- Directed by: Alexandr Fomin
- Written by: Alexandr Fomin
- Produced by: Ekaterina Kononenko; Ruben Adamyan; Dmitry Litvinov; Ilya Naishuller; Lika Blank; Dmitry Svit; Leonid Litvak;
- Starring: Pavel Tabakov; Danila Kozlovsky; Ingrid Olerinskaya; Valentina Lyapina; Danila Poperechny;
- Cinematography: Mikhail Solovyov
- Edited by: Vladislav Kaptur
- Production companies: Versus Pictures; ID Production; Gorky Film Studios;
- Distributed by: KaroRental
- Release date: June 9, 2022;
- Country: Russia
- Language: Russian

= Young Man (film) =

2022 Russian film by Alexandr Fomin

Young Man (Молодой человек) is a 2022 Russian comedy film written and directed by Alexandr Fomin. It was theatrically released on June 9, 2022.

== Plot ==
In his childhood, Vanya Revzin studied tirelessly day and night. His mother sincerely believed that he would succeed in life, but in the end, he amounted to nothing. He was fired from his job, and his wife left him. Convinced that only cunning could help him achieve anything, he decides to impersonate a seventeen-year-old teenager.

==Production==
Director Alexandr Fomin presented the film back in 2019 at the face-to-face defense of projects applying for state support from the Cinema Foundation.
The director of the films Hardcore Henry (2015 film) and Nobody (2021 film) carefully followed the production of the film and tried to support the young director, for whom the film Young Man became a feature-length debut.

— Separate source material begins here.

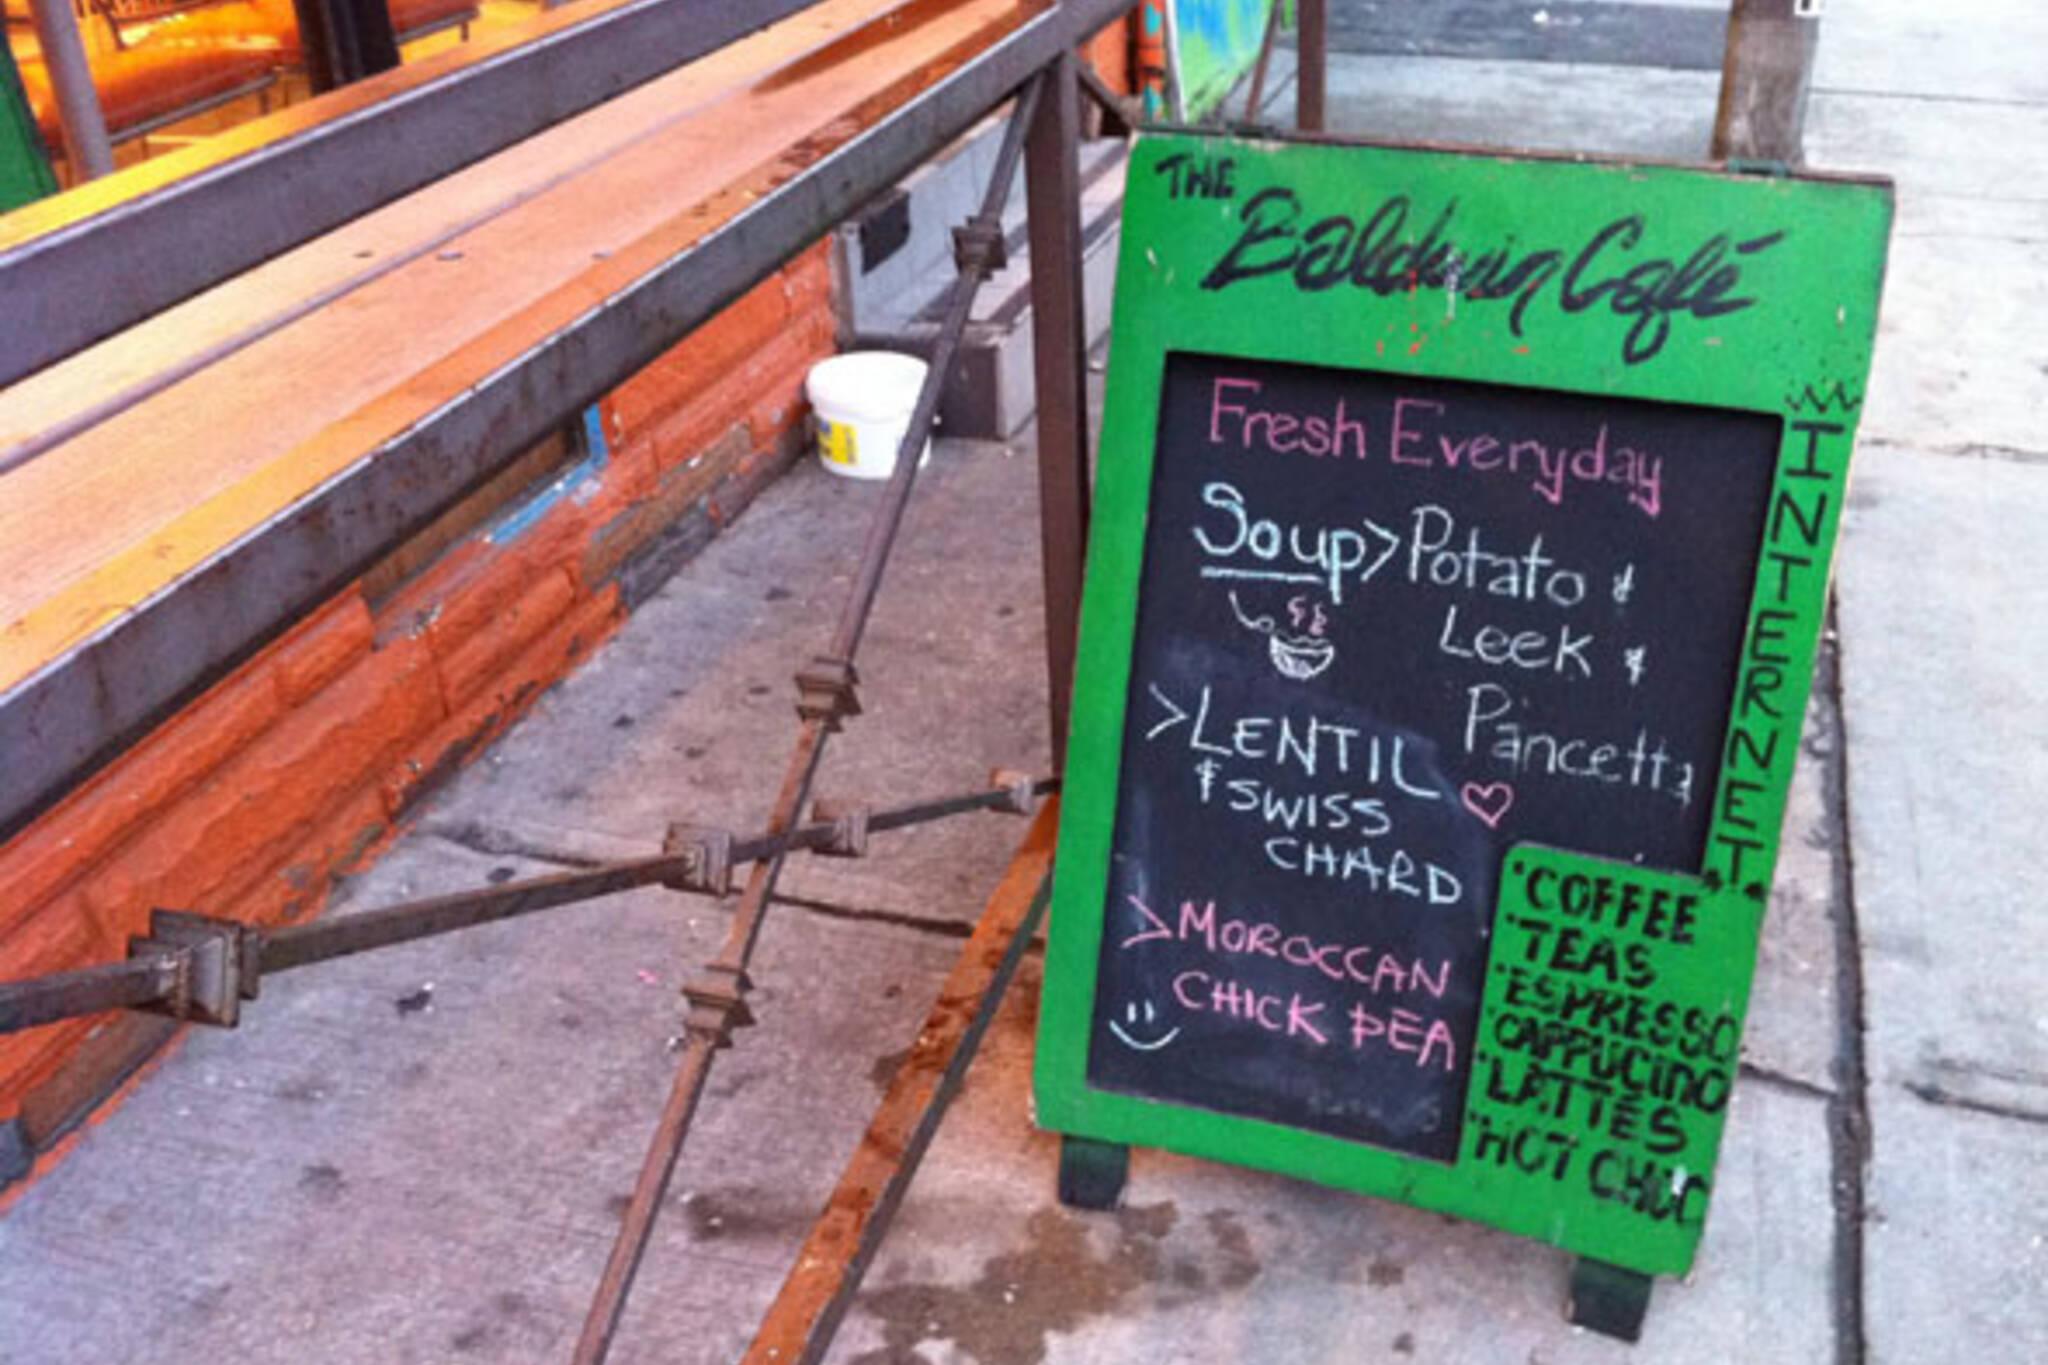 201116-baldwin-cafe.jpg

The filming process was led by Versus Pictures and ID Production with the participation of the Gorky Film Studios. The idea of the film came to director Alexandr Fomin two years ago, and he approached Ilya Naishuller with it. He agreed without hesitation.

Filming began on May 31, 2021 and took place in the village of Petrovo-Dalneye, Moscow Oblast, and near Moscow.